14. The group had considered indirect economic effects, for example, if a food processor or supermarket refused to buy non-GM produce on the basis that it came from a farm ‘in the vicinity’ of a GM farm. In law at present there would be no grounds for the non-GM farmer to sue the supermarket for economic loss. Moreover, the group took the view that there would be no justification for seeking to introduce new provisions in law for GM crops to extend the notion of economic loss in this way, not would seeking such an extension be realistic. The key aim should be to ensure that processors and supermarkets were content with the provisions of a coexistence regime so that unless there was evidence that protocols had been breached, supermarkets and food processors would accept non-GM crops in line with normal arrangements.
15. Taking a second category of examples, if a restaurant serving organic food could not source its ingredients from its usual farm because the farmer had lost organic status as a result of AP, the group understood that the restaurant owner or operator’s putative loss was insufficiently proximate to be recoverable either in the law as it stood nor, the group considered, would it be justified to seek to change the law to make it so.
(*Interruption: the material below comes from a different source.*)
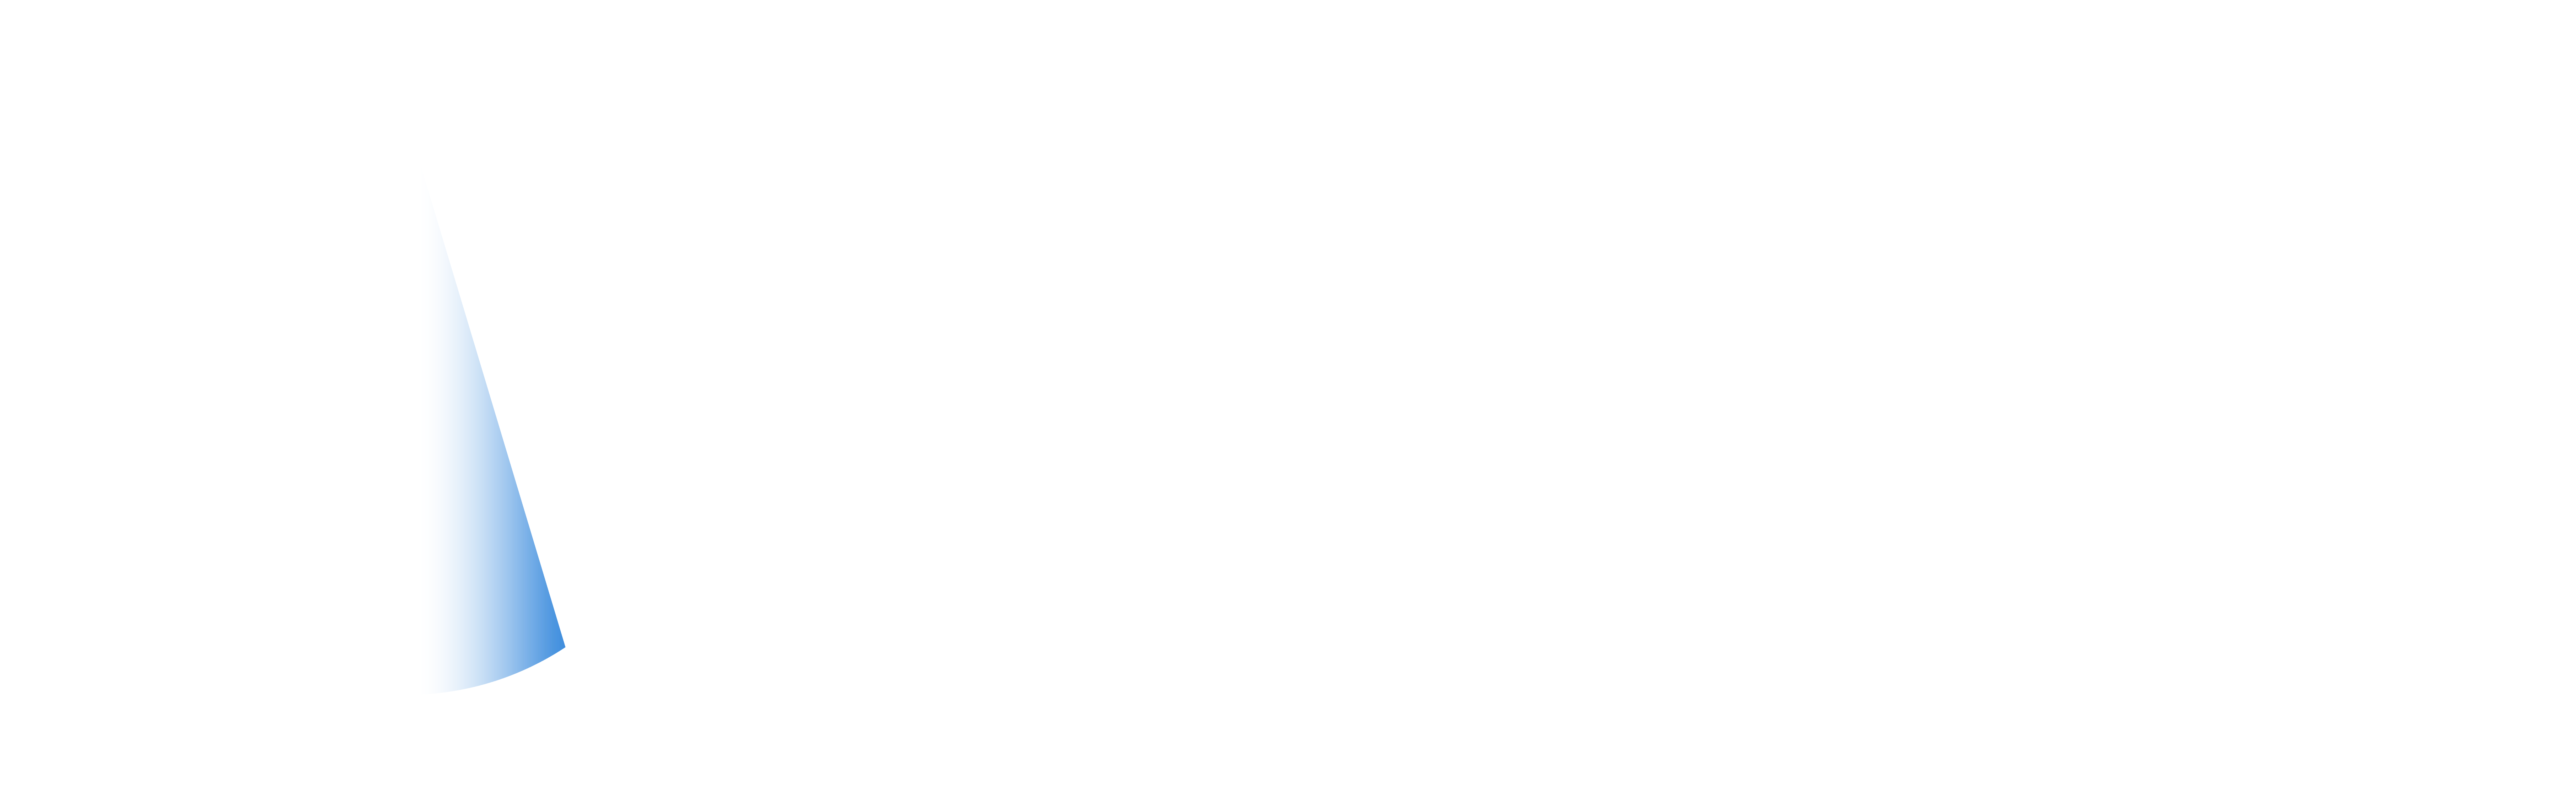 affidea logo white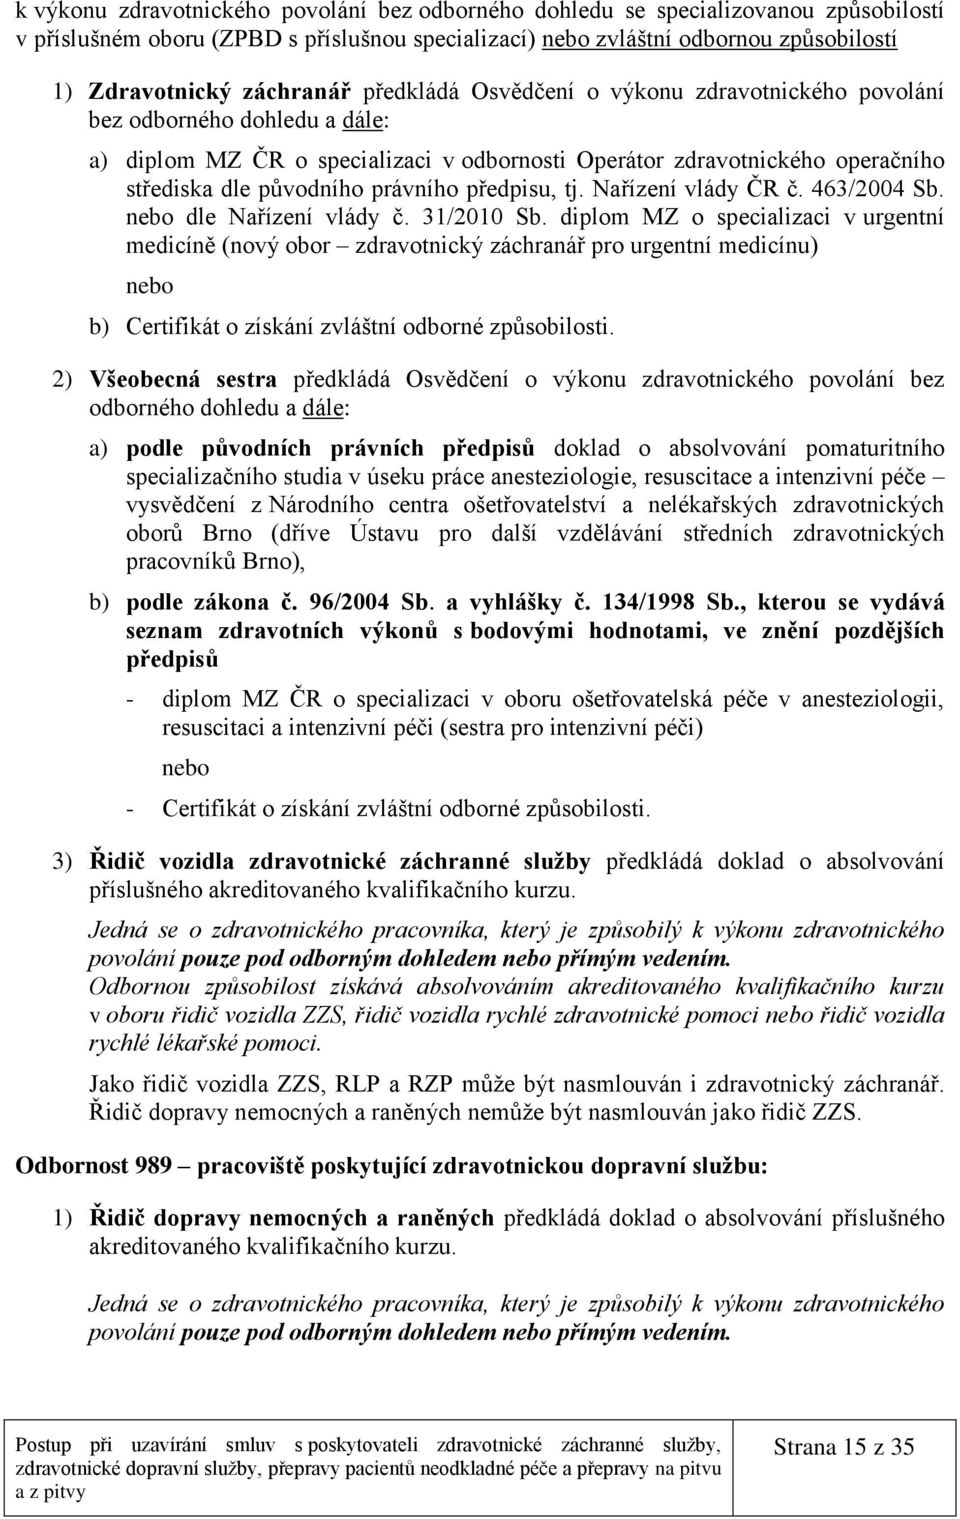 právního předpisu, tj. Nařízení vlády ČR č. 463/2004 Sb. nebo dle Nařízení vlády č. 31/2010 Sb.

16. The group had also considered the situation of a farmer growing GM crops finding it financially difficult to pay a non-GM farmer for any economic loss, either as a result of a court judgement where a protocol had been breached; or in an out-of-court settlement. The group’s thinking was that all that could be done here was to encourage the development of an insurance market (as already existed for damage caused by pesticide use). Financial difficulties of this kind were simply a feature of the normal business environment – equivalent situations could arise now in the course of conventional farming.
17. The group had discussed whether Government could ‘cap’ liability for negative economic impacts resulting from AP in non-GM crops, to encourage an insurance market to develop among farmers. This could be done whether or not agreed protocols were in place, although would possibly be more relevant to the situation where there was no agreed protocol, and instead it had been decided to leave it up to individual farmers to insure themselves against potential economic loss - either a non-GM farmer suffering AP in his non-GM crops or a GM farmer being sued. The group were currently undecided on the merits of capped liability, although as noted earlier, they favoured a solution of having an agreed protocol to try to avoid AP problems arising in the first place and to avoid farmers having to resort to law to deal with any problems that did arise. It seemed unlikely to Members that Government would accept such a contingent liability.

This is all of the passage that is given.